“It’s all right! Splendid!” cried he when within ten paces of his wife, in answer to the anxious expression on her face. “Just think, we went together to those bushes, and he looked and looked at them—he even plucked a leaf and chewed it. ‘What sort of a tree is this?’ says he.”

“‘I don’t know, your Excellency,’ said I.

“‘It’s a little birch, I suppose,’ says he.

“‘Yes, probably, your Excellency.’”

Then he turned to me and held out his hand.

“‘I beg your pardon, lieutenant,’ he says. ‘I must be getting old, that I didn’t remember those bushes.’ He’s a fine man, that professor, and he knows a lot. I felt quite sorry to deceive him. He’s one of the best professors we have. His learning is simply wonderful. And how quick and accurate he is in marking the plans—marvellous!”

But this meant little to Vera. She wanted to hear over and over again exactly what the professor had said about the bushes. She was interested in the smallest details—the expression on the professor’s face, the tone of his voice when he said he must be growing old, exactly how Kolya felt....

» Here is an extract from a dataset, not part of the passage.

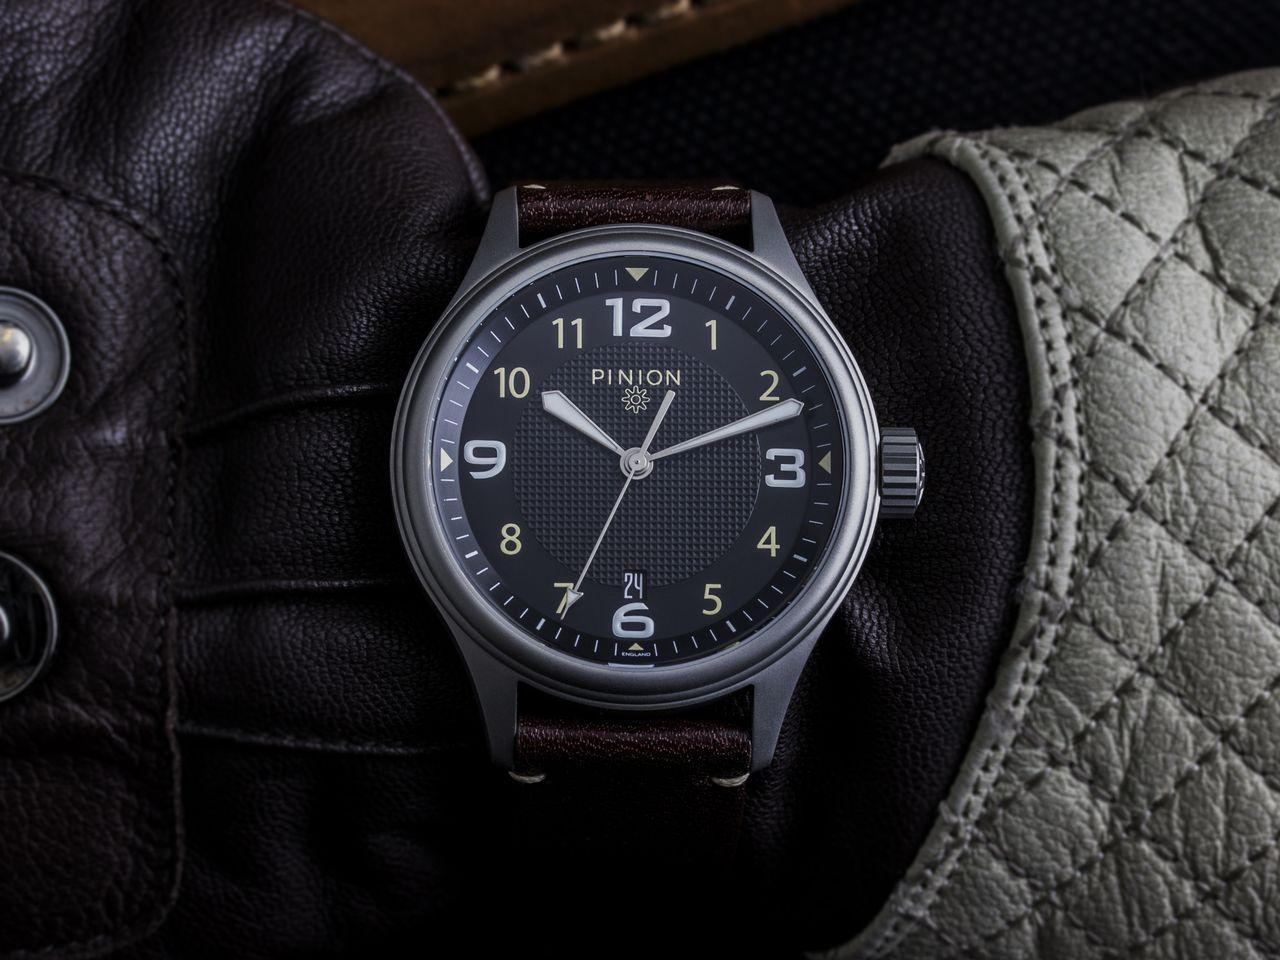 Pinion Atom V1 watch
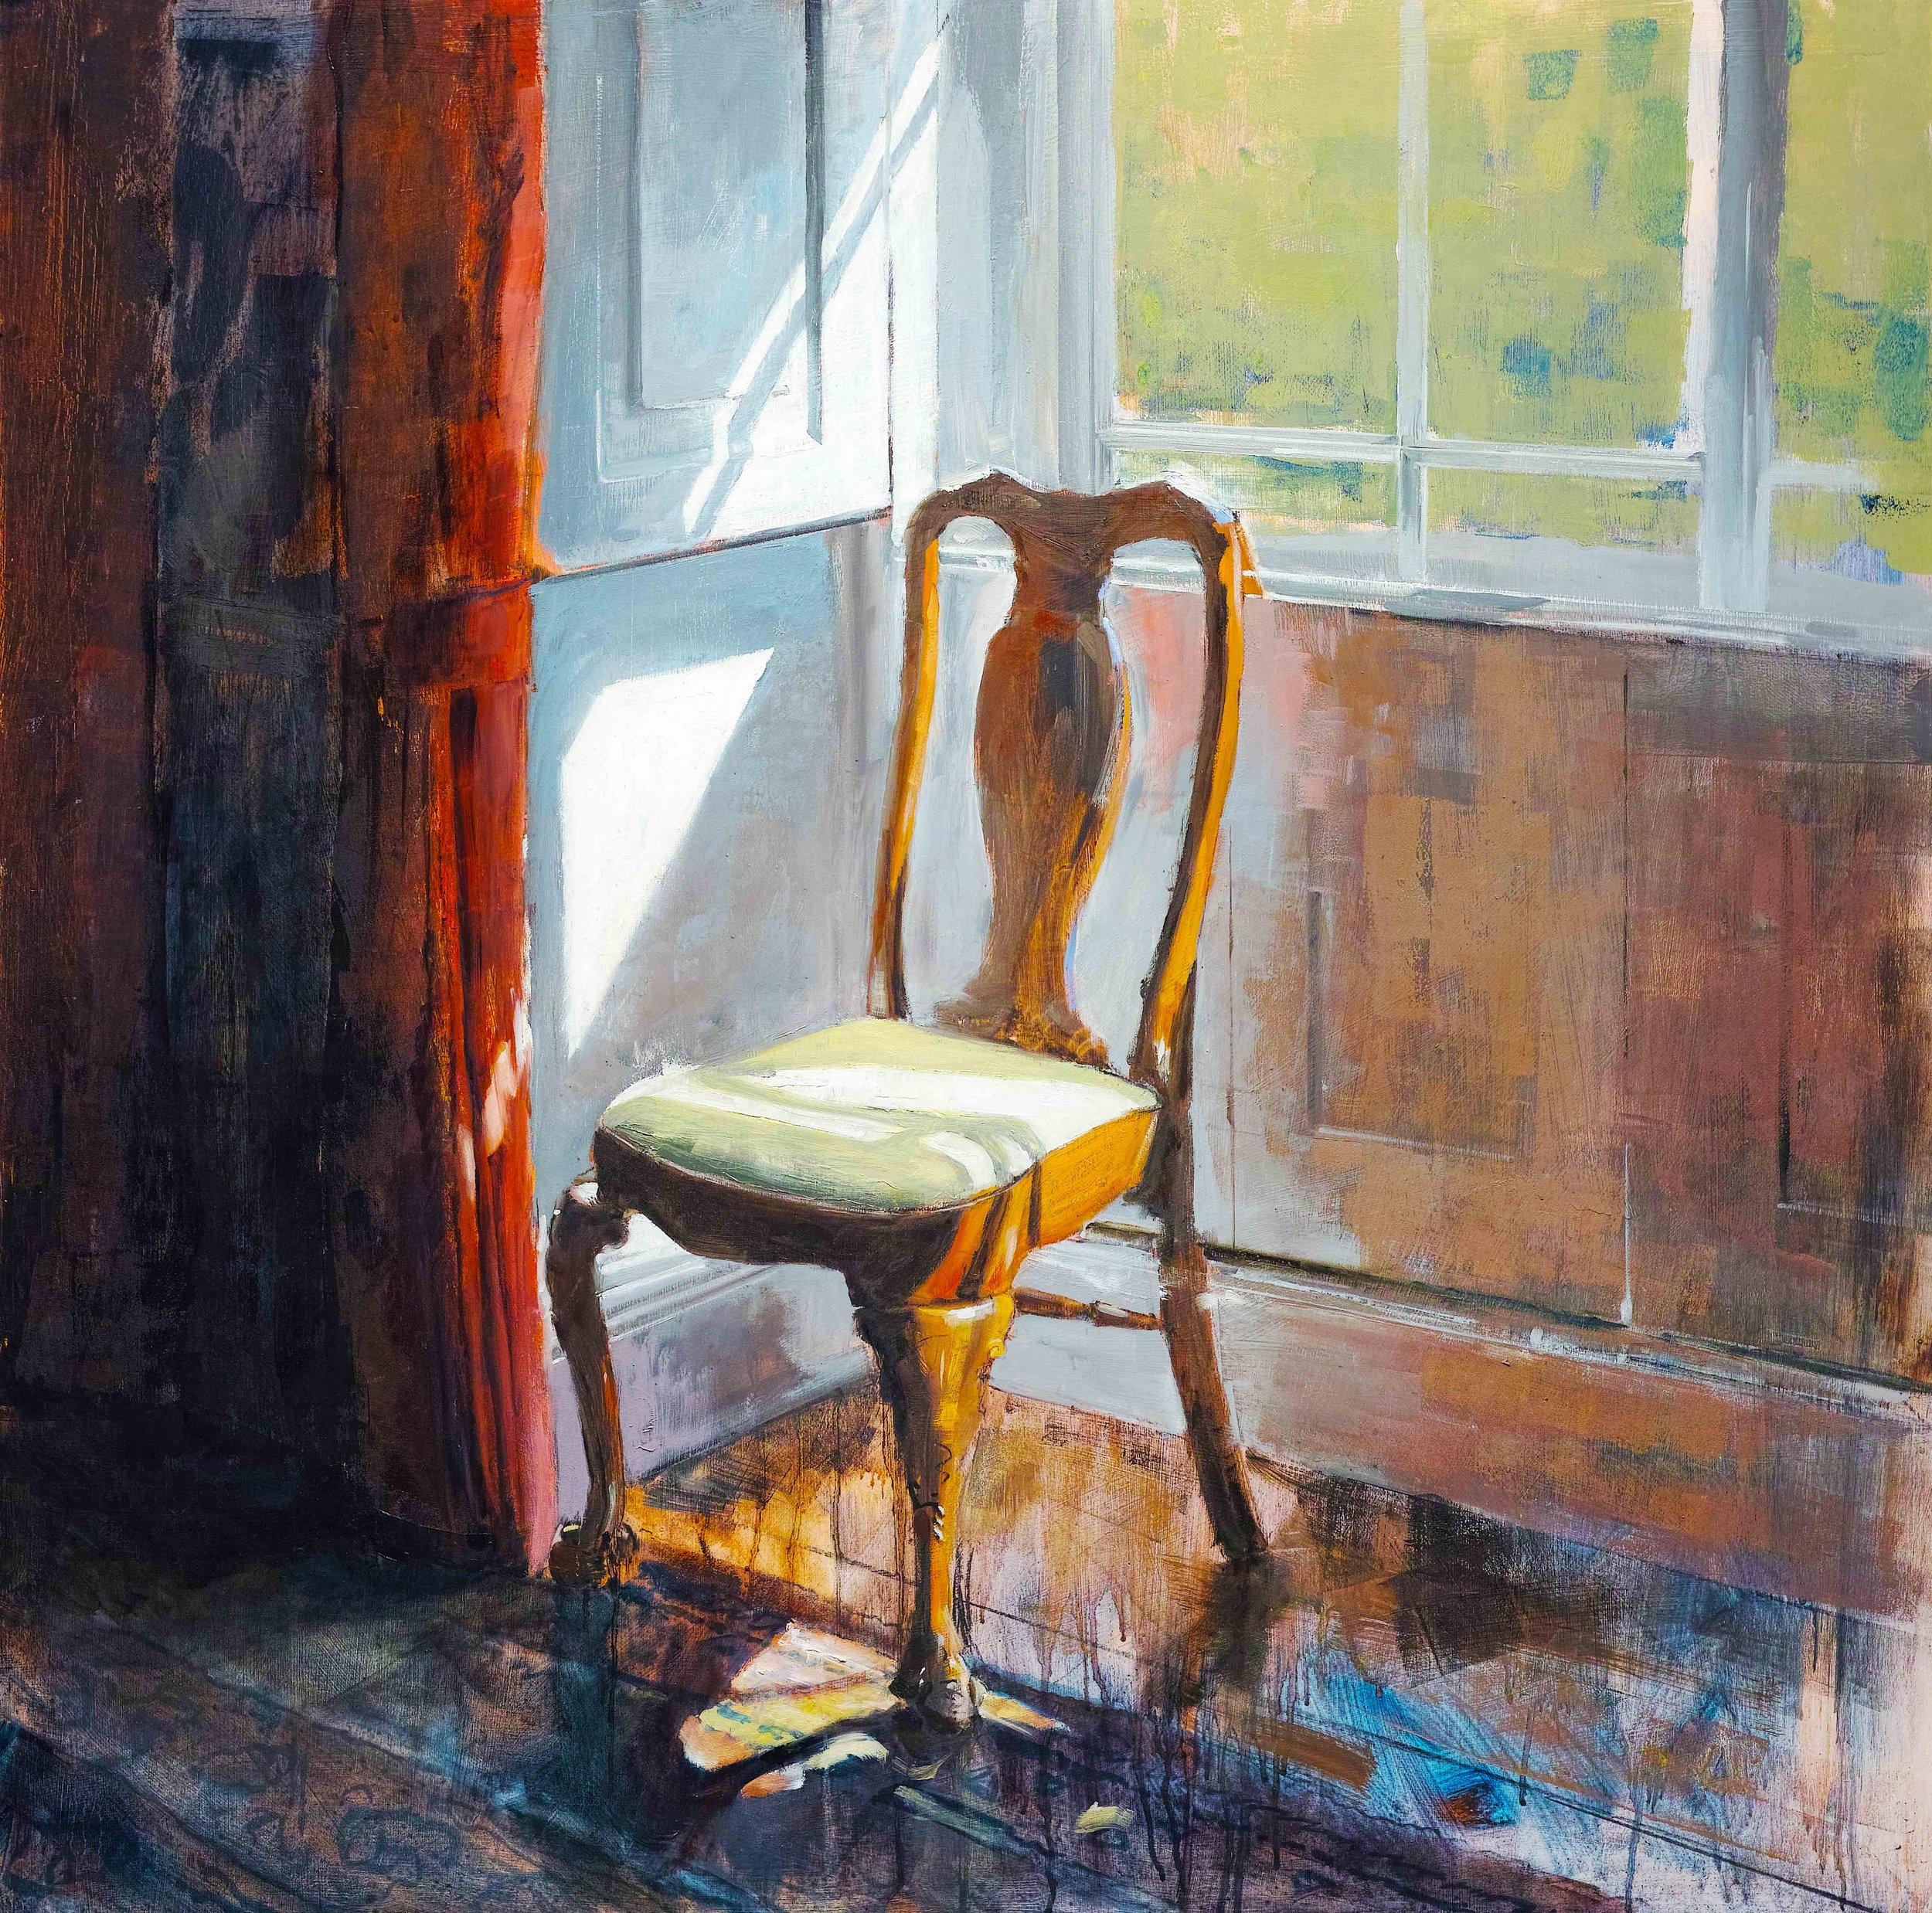 Tom Goffe

They went home together as if there had been no one in the street except themselves, holding each other by the hand and laughing at nothing. The passers-by stopped to look at them; they seemed such a strange couple.

Never before had Nikolai Yevgrafovitch enjoyed his dinner so much as on that day. After dinner, when Vera brought a glass of tea to him in the study, husband and wife suddenly looked at one another, and both laughed.

“What are you laughing at?” asked Vera.